• **Directions for this task**: What is needed is an exact copy of all the records, written out in full.
▬▬▬
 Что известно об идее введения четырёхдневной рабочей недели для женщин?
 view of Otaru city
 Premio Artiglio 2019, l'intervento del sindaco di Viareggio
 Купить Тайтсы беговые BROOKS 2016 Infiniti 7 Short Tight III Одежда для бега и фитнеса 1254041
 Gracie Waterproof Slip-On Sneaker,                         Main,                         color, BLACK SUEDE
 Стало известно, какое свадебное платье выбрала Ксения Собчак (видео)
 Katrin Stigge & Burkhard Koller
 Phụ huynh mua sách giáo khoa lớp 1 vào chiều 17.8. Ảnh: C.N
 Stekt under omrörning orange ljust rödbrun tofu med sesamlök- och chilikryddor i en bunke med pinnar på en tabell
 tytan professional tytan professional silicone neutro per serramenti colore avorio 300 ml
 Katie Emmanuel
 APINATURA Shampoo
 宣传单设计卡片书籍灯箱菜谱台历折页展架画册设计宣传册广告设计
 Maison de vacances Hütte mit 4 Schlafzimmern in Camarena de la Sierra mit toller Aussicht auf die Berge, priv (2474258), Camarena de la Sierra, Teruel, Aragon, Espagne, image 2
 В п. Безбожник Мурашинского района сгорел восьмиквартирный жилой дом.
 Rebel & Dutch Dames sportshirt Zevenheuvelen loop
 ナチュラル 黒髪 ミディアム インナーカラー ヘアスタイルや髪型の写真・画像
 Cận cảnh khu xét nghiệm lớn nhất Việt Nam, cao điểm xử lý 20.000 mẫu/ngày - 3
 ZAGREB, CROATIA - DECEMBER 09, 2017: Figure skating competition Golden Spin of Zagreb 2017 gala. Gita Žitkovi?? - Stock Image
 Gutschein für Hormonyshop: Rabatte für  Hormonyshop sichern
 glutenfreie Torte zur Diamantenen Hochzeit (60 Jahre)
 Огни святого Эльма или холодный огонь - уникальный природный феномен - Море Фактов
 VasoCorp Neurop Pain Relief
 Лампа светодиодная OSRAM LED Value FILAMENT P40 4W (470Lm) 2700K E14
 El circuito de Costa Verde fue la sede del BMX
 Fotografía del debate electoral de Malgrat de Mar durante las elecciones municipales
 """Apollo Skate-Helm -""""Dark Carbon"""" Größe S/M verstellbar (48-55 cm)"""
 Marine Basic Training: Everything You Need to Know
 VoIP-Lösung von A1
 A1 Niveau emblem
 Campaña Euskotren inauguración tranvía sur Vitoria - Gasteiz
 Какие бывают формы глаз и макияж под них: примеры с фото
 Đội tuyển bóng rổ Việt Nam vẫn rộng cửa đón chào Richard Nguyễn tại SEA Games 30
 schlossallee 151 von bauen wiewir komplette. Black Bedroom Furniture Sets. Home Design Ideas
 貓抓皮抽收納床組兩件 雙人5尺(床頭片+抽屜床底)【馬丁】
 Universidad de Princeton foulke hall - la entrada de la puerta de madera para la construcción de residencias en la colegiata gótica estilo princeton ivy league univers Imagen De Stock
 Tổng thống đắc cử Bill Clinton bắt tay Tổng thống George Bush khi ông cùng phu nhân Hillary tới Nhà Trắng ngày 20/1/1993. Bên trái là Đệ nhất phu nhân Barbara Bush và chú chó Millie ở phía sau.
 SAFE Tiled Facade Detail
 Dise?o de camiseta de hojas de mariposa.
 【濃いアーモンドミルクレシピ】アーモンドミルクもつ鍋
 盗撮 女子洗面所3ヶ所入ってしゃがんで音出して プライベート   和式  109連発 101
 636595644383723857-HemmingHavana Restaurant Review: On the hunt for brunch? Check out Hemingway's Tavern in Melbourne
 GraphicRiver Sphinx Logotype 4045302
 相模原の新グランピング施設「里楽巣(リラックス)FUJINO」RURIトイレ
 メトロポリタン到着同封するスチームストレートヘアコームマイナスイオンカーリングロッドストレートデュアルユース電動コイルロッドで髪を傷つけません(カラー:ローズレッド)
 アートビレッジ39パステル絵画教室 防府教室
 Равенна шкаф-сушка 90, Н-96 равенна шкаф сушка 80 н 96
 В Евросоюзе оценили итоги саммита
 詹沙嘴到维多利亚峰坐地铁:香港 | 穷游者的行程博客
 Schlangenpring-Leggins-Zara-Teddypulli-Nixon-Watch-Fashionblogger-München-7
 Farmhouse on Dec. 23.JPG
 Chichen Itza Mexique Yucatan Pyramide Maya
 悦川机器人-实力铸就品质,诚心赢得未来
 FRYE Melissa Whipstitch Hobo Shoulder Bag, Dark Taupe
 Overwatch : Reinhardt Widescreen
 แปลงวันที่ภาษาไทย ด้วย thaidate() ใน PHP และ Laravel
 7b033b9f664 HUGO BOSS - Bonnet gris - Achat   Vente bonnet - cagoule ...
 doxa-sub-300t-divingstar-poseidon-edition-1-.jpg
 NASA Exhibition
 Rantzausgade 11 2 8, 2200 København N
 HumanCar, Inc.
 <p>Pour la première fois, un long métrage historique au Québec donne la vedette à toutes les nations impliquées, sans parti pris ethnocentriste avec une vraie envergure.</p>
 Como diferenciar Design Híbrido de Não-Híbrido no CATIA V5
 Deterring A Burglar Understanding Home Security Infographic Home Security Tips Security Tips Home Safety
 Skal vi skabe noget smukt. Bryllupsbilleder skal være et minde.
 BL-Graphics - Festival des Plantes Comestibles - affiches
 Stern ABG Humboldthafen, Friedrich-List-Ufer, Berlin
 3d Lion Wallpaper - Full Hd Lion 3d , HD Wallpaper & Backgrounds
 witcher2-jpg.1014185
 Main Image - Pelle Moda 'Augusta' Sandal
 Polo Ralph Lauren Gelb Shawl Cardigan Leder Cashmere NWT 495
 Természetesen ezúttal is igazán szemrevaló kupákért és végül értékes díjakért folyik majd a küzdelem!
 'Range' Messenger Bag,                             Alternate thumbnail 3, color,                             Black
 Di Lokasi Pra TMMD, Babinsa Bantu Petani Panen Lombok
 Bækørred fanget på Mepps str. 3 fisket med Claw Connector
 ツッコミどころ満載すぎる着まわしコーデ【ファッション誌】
▬▬▬
• **Response**:
 Что известно об идее введения четырёхдневной рабочей недели для женщин?
 view of Otaru city
 Premio Artiglio 2019, l'intervento del sindaco di Viareggio
 Купить Тайтсы беговые BROOKS 2016 Infiniti 7 Short Tight III Одежда для бега и фитнеса 1254041
 Gracie Waterproof Slip-On Sneaker,                         Main,                         color, BLACK SUEDE
 Стало известно, какое свадебное платье выбрала Ксения Собчак (видео)
 Katrin Stigge & Burkhard Koller
 Phụ huynh mua sách giáo khoa lớp 1 vào chiều 17.8. Ảnh: C.N
 Stekt under omrörning orange ljust rödbrun tofu med sesamlök- och chilikryddor i en bunke med pinnar på en tabell
 tytan professional tytan professional silicone neutro per serramenti colore avorio 300 ml
 Katie Emmanuel
 APINATURA Shampoo
 宣传单设计卡片书籍灯箱菜谱台历折页展架画册设计宣传册广告设计
 Maison de vacances Hütte mit 4 Schlafzimmern in Camarena de la Sierra mit toller Aussicht auf die Berge, priv (2474258), Camarena de la Sierra, Teruel, Aragon, Espagne, image 2
 В п. Безбожник Мурашинского района сгорел восьмиквартирный жилой дом.
 Rebel & Dutch Dames sportshirt Zevenheuvelen loop
 ナチュラル 黒髪 ミディアム インナーカラー ヘアスタイルや髪型の写真・画像
 Cận cảnh khu xét nghiệm lớn nhất Việt Nam, cao điểm xử lý 20.000 mẫu/ngày - 3
 ZAGREB, CROATIA - DECEMBER 09, 2017: Figure skating competition Golden Spin of Zagreb 2017 gala. Gita Žitkovi?? - Stock Image
 Gutschein für Hormonyshop: Rabatte für  Hormonyshop sichern
 glutenfreie Torte zur Diamantenen Hochzeit (60 Jahre)
 Огни святого Эльма или холодный огонь - уникальный природный феномен - Море Фактов
 VasoCorp Neurop Pain Relief
 Лампа светодиодная OSRAM LED Value FILAMENT P40 4W (470Lm) 2700K E14
 El circuito de Costa Verde fue la sede del BMX
 Fotografía del debate electoral de Malgrat de Mar durante las elecciones municipales
 """Apollo Skate-Helm -""""Dark Carbon"""" Größe S/M verstellbar (48-55 cm)"""
 Marine Basic Training: Everything You Need to Know
 VoIP-Lösung von A1
 A1 Niveau emblem
 Campaña Euskotren inauguración tranvía sur Vitoria - Gasteiz
 Какие бывают формы глаз и макияж под них: примеры с фото
 Đội tuyển bóng rổ Việt Nam vẫn rộng cửa đón chào Richard Nguyễn tại SEA Games 30
 schlossallee 151 von bauen wiewir komplette. Black Bedroom Furniture Sets. Home Design Ideas
 貓抓皮抽收納床組兩件 雙人5尺(床頭片+抽屜床底)【馬丁】
 Universidad de Princeton foulke hall - la entrada de la puerta de madera para la construcción de residencias en la colegiata gótica estilo princeton ivy league univers Imagen De Stock
 Tổng thống đắc cử Bill Clinton bắt tay Tổng thống George Bush khi ông cùng phu nhân Hillary tới Nhà Trắng ngày 20/1/1993. Bên trái là Đệ nhất phu nhân Barbara Bush và chú chó Millie ở phía sau.
 SAFE Tiled Facade Detail
 Dise?o de camiseta de hojas de mariposa.
 【濃いアーモンドミルクレシピ】アーモンドミルクもつ鍋
 盗撮 女子洗面所3ヶ所入ってしゃがんで音出して プライベート   和式  109連発 101
 636595644383723857-HemmingHavana Restaurant Review: On the hunt for brunch? Check out Hemingway's Tavern in Melbourne
 GraphicRiver Sphinx Logotype 4045302
 相模原の新グランピング施設「里楽巣(リラックス)FUJINO」RURIトイレ
 メトロポリタン到着同封するスチームストレートヘアコームマイナスイオンカーリングロッドストレートデュアルユース電動コイルロッドで髪を傷つけません(カラー:ローズレッド)
 アートビレッジ39パステル絵画教室 防府教室
 Равенна шкаф-сушка 90, Н-96 равенна шкаф сушка 80 н 96
 В Евросоюзе оценили итоги саммита
 詹沙嘴到维多利亚峰坐地铁:香港 | 穷游者的行程博客
 Schlangenpring-Leggins-Zara-Teddypulli-Nixon-Watch-Fashionblogger-München-7
 Farmhouse on Dec. 23.JPG
 Chichen Itza Mexique Yucatan Pyramide Maya
 悦川机器人-实力铸就品质,诚心赢得未来
 FRYE Melissa Whipstitch Hobo Shoulder Bag, Dark Taupe
 Overwatch : Reinhardt Widescreen
 แปลงวันที่ภาษาไทย ด้วย thaidate() ใน PHP และ Laravel
 7b033b9f664 HUGO BOSS - Bonnet gris - Achat   Vente bonnet - cagoule ...
 doxa-sub-300t-divingstar-poseidon-edition-1-.jpg
 NASA Exhibition
 Rantzausgade 11 2 8, 2200 København N
 HumanCar, Inc.
 <p>Pour la première fois, un long métrage historique au Québec donne la vedette à toutes les nations impliquées, sans parti pris ethnocentriste avec une vraie envergure.</p>
 Como diferenciar Design Híbrido de Não-Híbrido no CATIA V5
 Deterring A Burglar Understanding Home Security Infographic Home Security Tips Security Tips Home Safety
 Skal vi skabe noget smukt. Bryllupsbilleder skal være et minde.
 BL-Graphics - Festival des Plantes Comestibles - affiches
 Stern ABG Humboldthafen, Friedrich-List-Ufer, Berlin
 3d Lion Wallpaper - Full Hd Lion 3d , HD Wallpaper & Backgrounds
 witcher2-jpg.1014185
 Main Image - Pelle Moda 'Augusta' Sandal
 Polo Ralph Lauren Gelb Shawl Cardigan Leder Cashmere NWT 495
 Természetesen ezúttal is igazán szemrevaló kupákért és végül értékes díjakért folyik majd a küzdelem!
 'Range' Messenger Bag,                             Alternate thumbnail 3, color,                             Black
 Di Lokasi Pra TMMD, Babinsa Bantu Petani Panen Lombok
 Bækørred fanget på Mepps str. 3 fisket med Claw Connector
 ツッコミどころ満載すぎる着まわしコーデ【ファッション誌】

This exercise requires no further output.